Ill chime in since im running one. Ive put about 250 miles on mine with pretty hard driving on interstate and around town locally. Haven't had a single problem. I am running a restrictor and i self turbo time the car for about 5 minutes after highway and about 2 min around town. I took mine apart already and it doesn't show any wear. I haven't run it past 7psi which is factory wastegate. If it ever does blow i will just grab a garrett T3 Super 60 or a Super 82 from some of my local friends. The ebay turbo spools just like some of my old "real" Garret T3/T4s. I guess its all hit or miss with these things. Some have good experience some bad. I got a guy locally that has put 4 yrs of driving on the same CXlighting/CX racing turbo from them and hasn't had a problem and he isn't the most intelligent guy when it comes to maintenance.


----------



## thetwodubheads (Dec 6, 2004)

*Re: EBAY turbos-THE THREAD TO END ALL THREADS (Nastyboost)*

Just want to toss this out there... The guy who re-built my turbo (who has been playing with them since they became somewhat common in the 80's) told me as far as rebuilding goes.
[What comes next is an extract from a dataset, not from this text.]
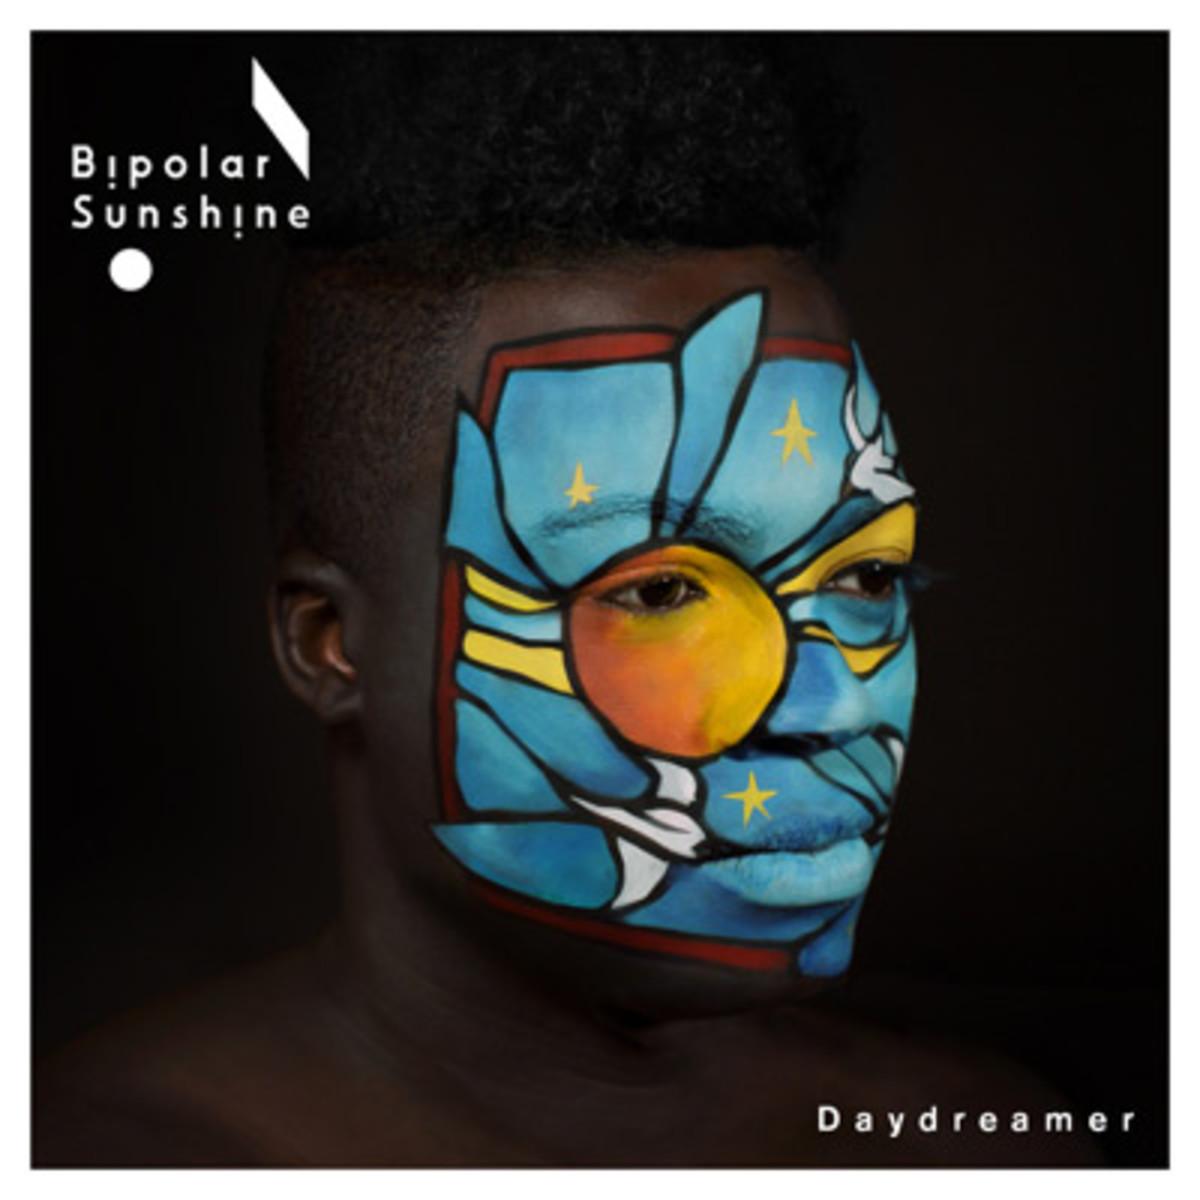 bipolarsunshine-daydreamer.jpg

Unless there is a chance that the wheels contacted the housings there will be no need to balance it. The turbine and impellers are balanced individually. This means the relation of impeller, to turbine isn't an issue. Since the one I had rebuilt used a non-damaged turbine, and new impeller he did not think balancing was an issue. Although had he said it was necessary I would have paid the extra 80 or so dollars and he could have pocketed it. I think where rebuilding them is tricky is in the measurements. You need to make sure nothing has worn and requires a different sized bearing. The whole reason for being rebuilt is that when I bought it, it had been. But... the shop didn't take into consideration some wear on the thrust bearing. Thus, the new standard sized one had some play where it sat on the backplate. This caused it to literally destroy the mounting ring, thrust bearing, and impeller. So. Just make sure you do it right I guess is what all that was about.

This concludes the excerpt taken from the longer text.